A GYPSY leader says he fears new legislation will encourage further prejudice against the traveller community and could threaten the future of Appleby Fair.

Billy Welch, from Darlington, who is one of the fair’s organisers, has warned home secretary Priti Patel the Appleby event is threatened by measures in the police, crime, sentencing and courts bill, which was voted on by MPs on Monday.

“It’s going to encourage the racist and bigoted people in this world,” said Mr Welch. “They will think they are justified in what they’re doing and make it worse.

“The last time a law like this was introduced it was in pre-war Germany and it was the Nazis that introduced it.

“Vehicles and houses would be confiscated and people put in prison. I’m not suggesting the Government is going to do that but this is how ethnic cleansing began, with a similar sort of law."

He added: “It’s very worrying. People are anxious.

"They want to know if this happens, what happens next.”

Mr Welch has written to Ms Patel about his concerns.

The bill, which passed its third reading on Monday, would mean police could confiscate travellers’ homes if they did not immediately move on if local people complained, he said. Because of a shortage of approved sites, members of the community can struggle to find somewhere legal to stop on their way to the event.

He added it would give police the power to arrest people on the back of “hearsay”.

He wrote to Ms Patel: “The bill as it stands creates a new criminal offence.
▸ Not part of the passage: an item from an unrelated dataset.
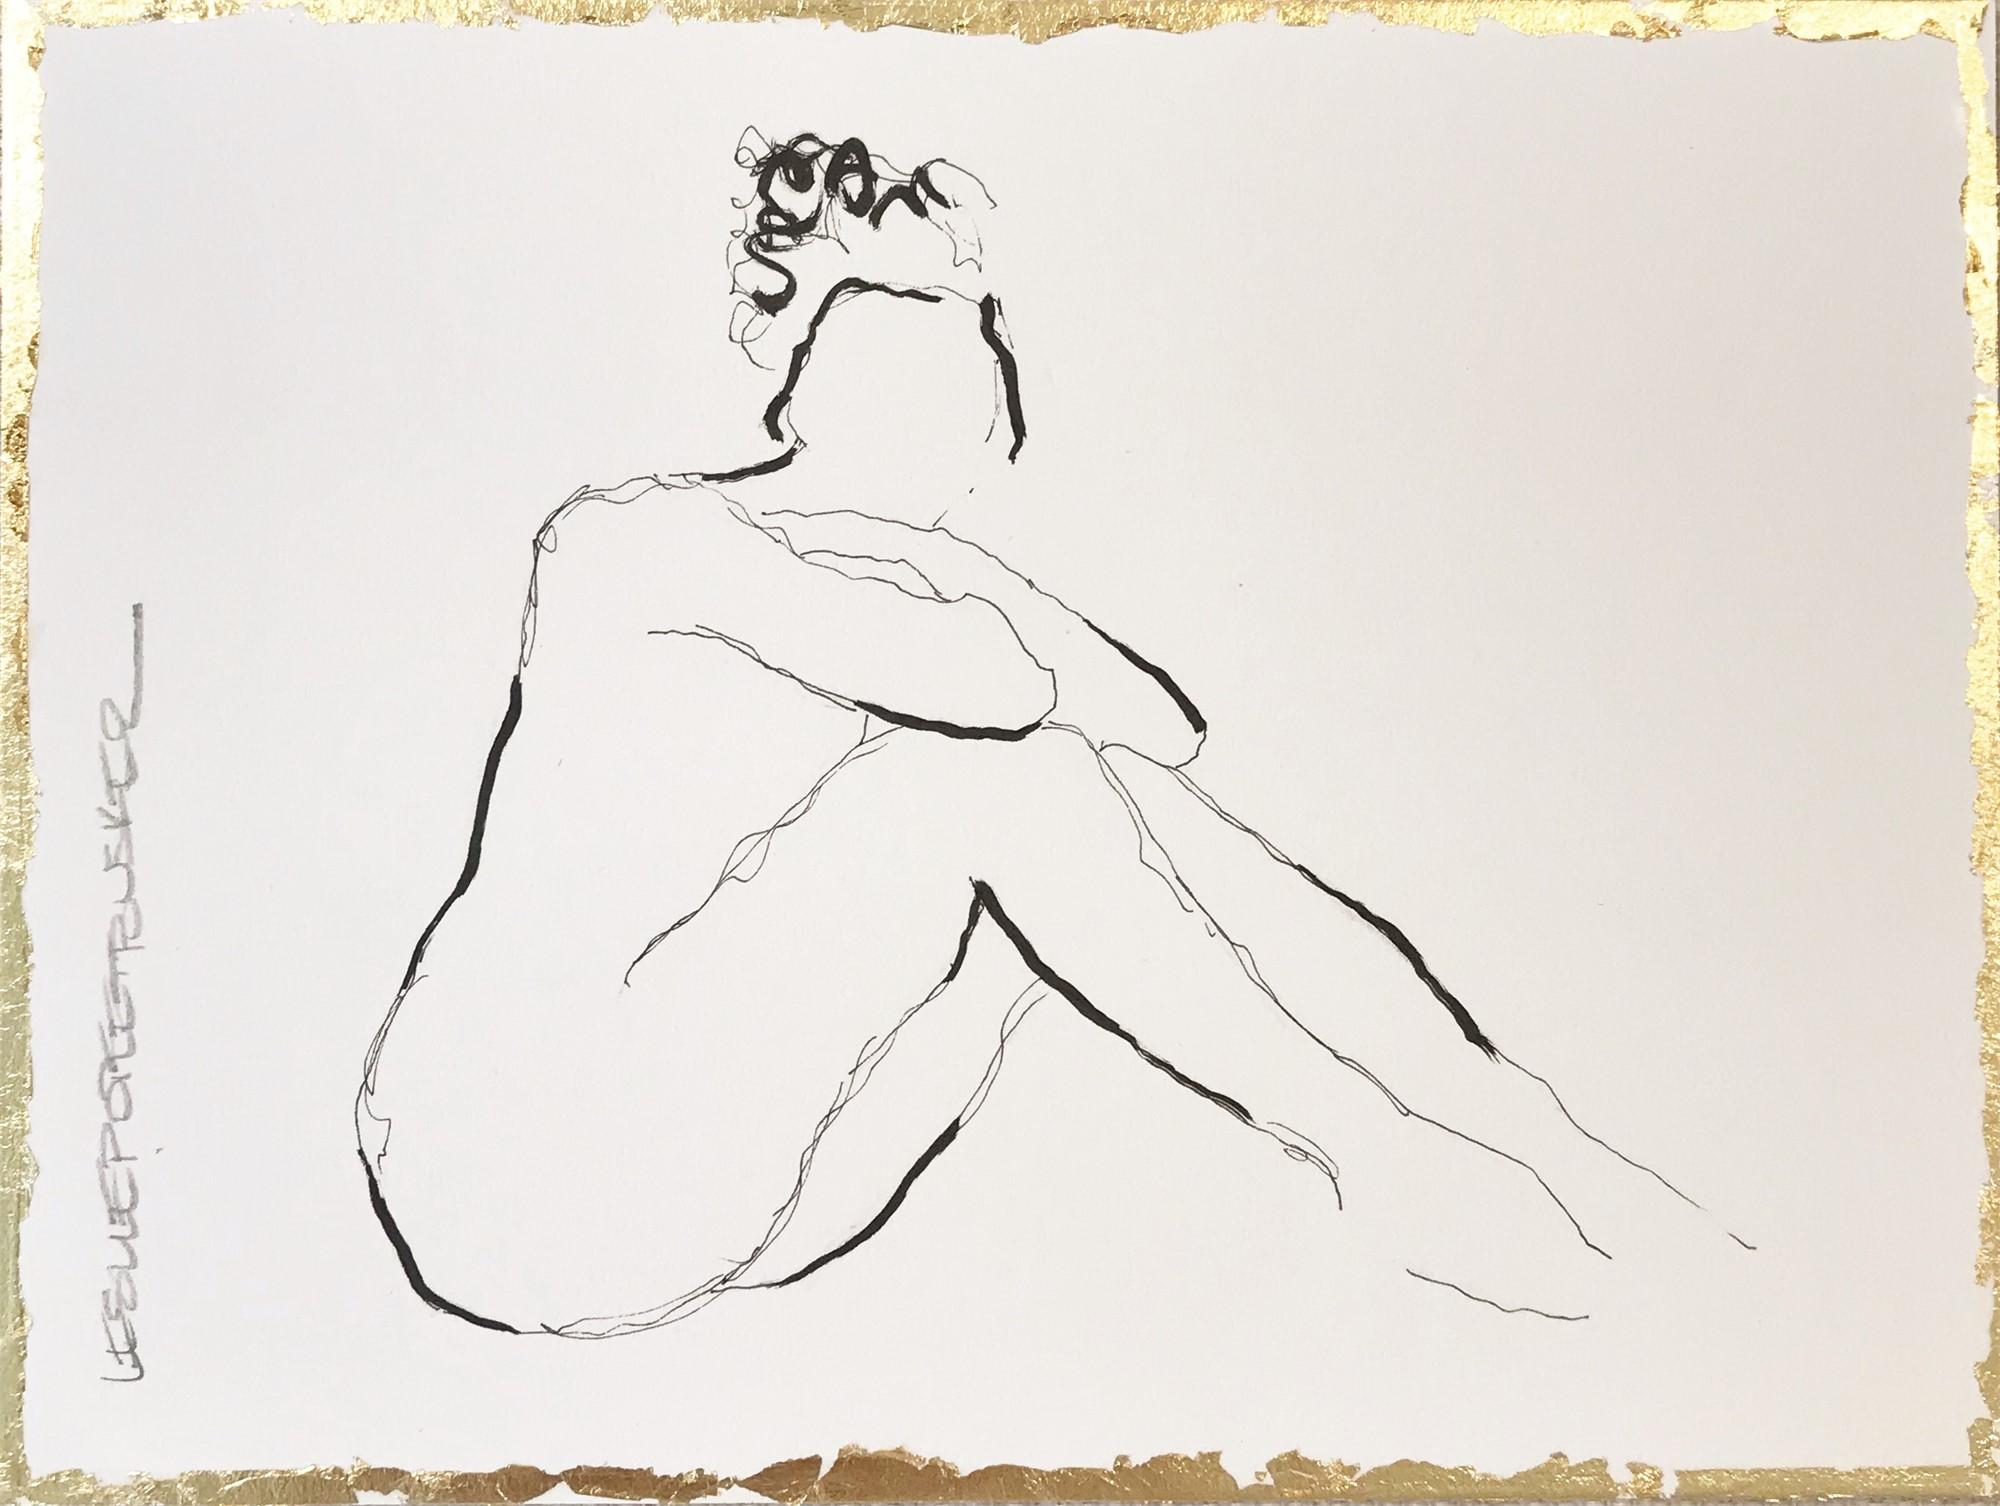 Figure No. 88 by Leslie Poteet Busker

A person who does not immediately leave a piece of public or private land when asked to do so (based only on ‘reasonable suspicion’ that they have, or will, cause damage, disturbance or disruption) may be arrested, fined, and imprisoned and have their vehicles confiscated.

“Although the bill makes no reference to ethnicity, this provision will in effect make criminals of law-abiding Gypsies and Travellers as well as homeless people and ‘wild-campers’ who live in vans, because the offence is in refusing to leave, which requires no evidence of antisocial behaviour, but merely suspicion that it is likely.”
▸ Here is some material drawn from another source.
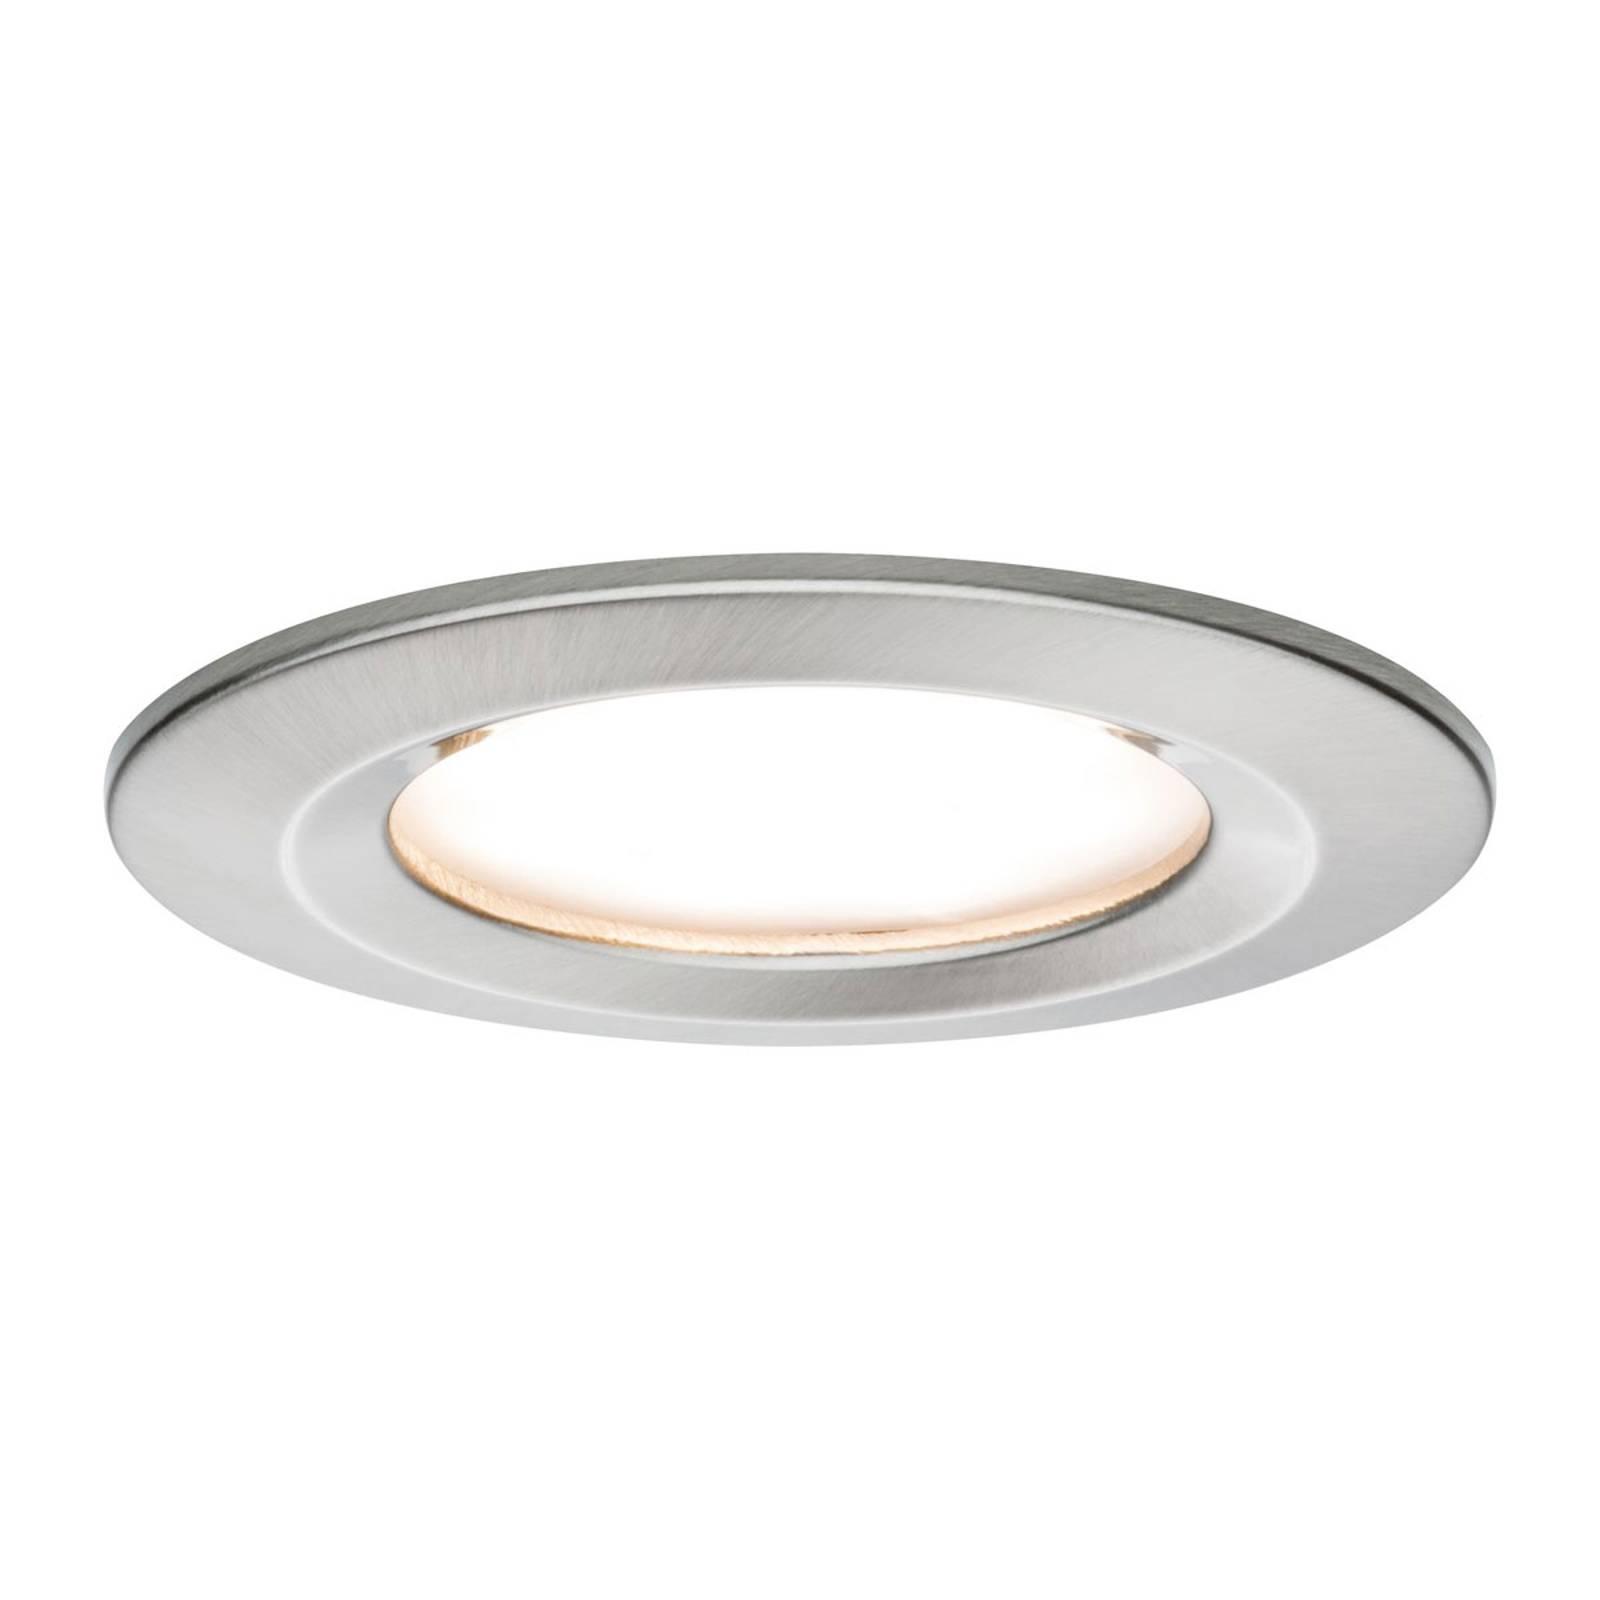 Paulmann LED-spotti Nova Coin pyöreä, rauta

Speaking to the Northern Echo, he added: "This is a majority picking on minorities to make themselves popular and they haven't stopped to think about what they are doing."

In a letter responding to Mr Welch's, Ms Patel said: "The Government's overarching aim is to ensure fair and equal treatment for Gypsy, Roma and Traveller communities, in a way that facilitates their traditional and nomadic way of life while also respecting the interests of the wider community.

"We are equally clear that we will not tolerate law breaking and we are determined to ensure police have the powers they need to support and serve their communities.

"The new criminal offence is targeted at those who cause significant damage, disruption and distress to landowners and communities and who do not leave land when asked to do so. It will apply to anyone trespassing in the conditions specified and enforcement will not be based on ethnicity or race."

The Northern Echo contacted the Home Office for comment.